For more than 1500 years after Christ, the all-embracing narrative seemed to grow ever more robust, especially when, in the Middle Ages, it enfolded Plato and the proto-science of Aristotle. Then, it seemed, the elevated emotional responses that we call "spiritual" had been married to irrefutably straight thinking and a smattering of observation. The monolith seemed complete.

But in the 1540s Copernicus suggested that the Sun and not the Earth is the centre of our planetary system - and 80 years or so later came Galileo, who advanced this idea and made it public and thus challenged the cosmological notions that at the time seemed important to the Catholic canon.

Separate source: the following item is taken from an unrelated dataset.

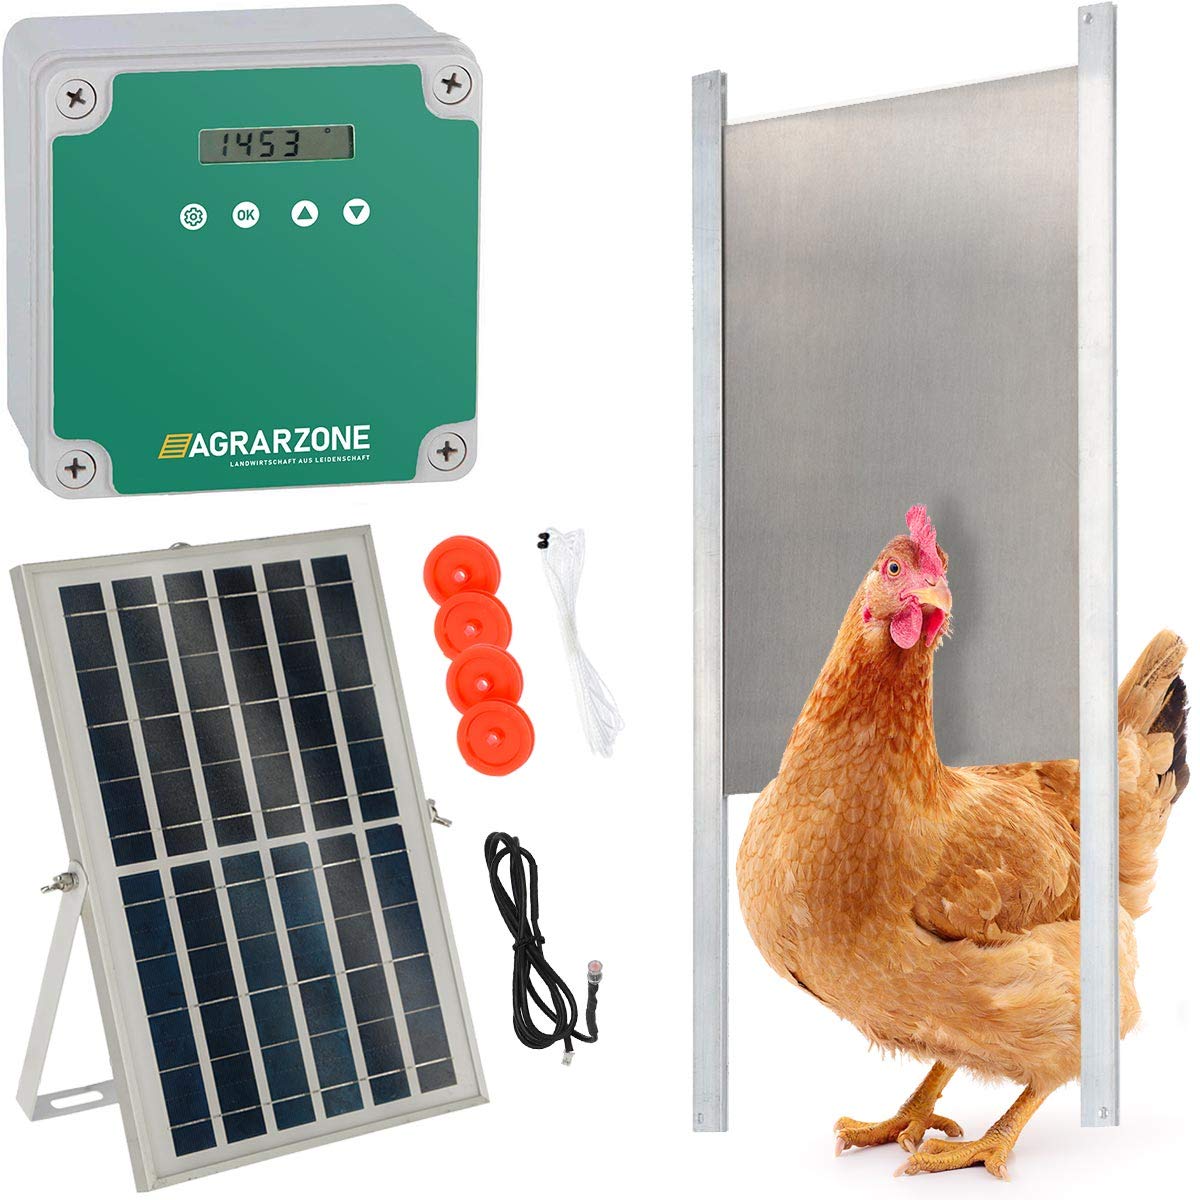 1. Puerta solar automática para gallinas

Even so, as Russell Stannard describes in conversation with the astronomer Ron Naylor, the Catholic church did not object to Galileo's hypotheses any more than they apparently had to Copernicus's. It was Galileo they objected to. He was one of nature's satirists and a mite too provoking. I won't say you cannot blame the Jesuits for threatening him with torture, but when you read his comments you can certainly see their point of view. As Naylor says, if Galileo had been a little diplomatic - or indeed, halfway polite - the entire debate between science and religion this past 350 years would have been completely different.

It would also have been more interesting. For in Science and Wonders, the physicist-turned-theologian Stannard has done a workmanlike job of interviewing scientists, priests, and theologians who in recent years have joined the science-religion debate. There is much that is intriguing, but the views that are aired are mostly old-fashioned. We seem to be stuck with Galileo vs the Jesuits - or with its 19th-century sequel, Charles Darwin vs the Anglican Church.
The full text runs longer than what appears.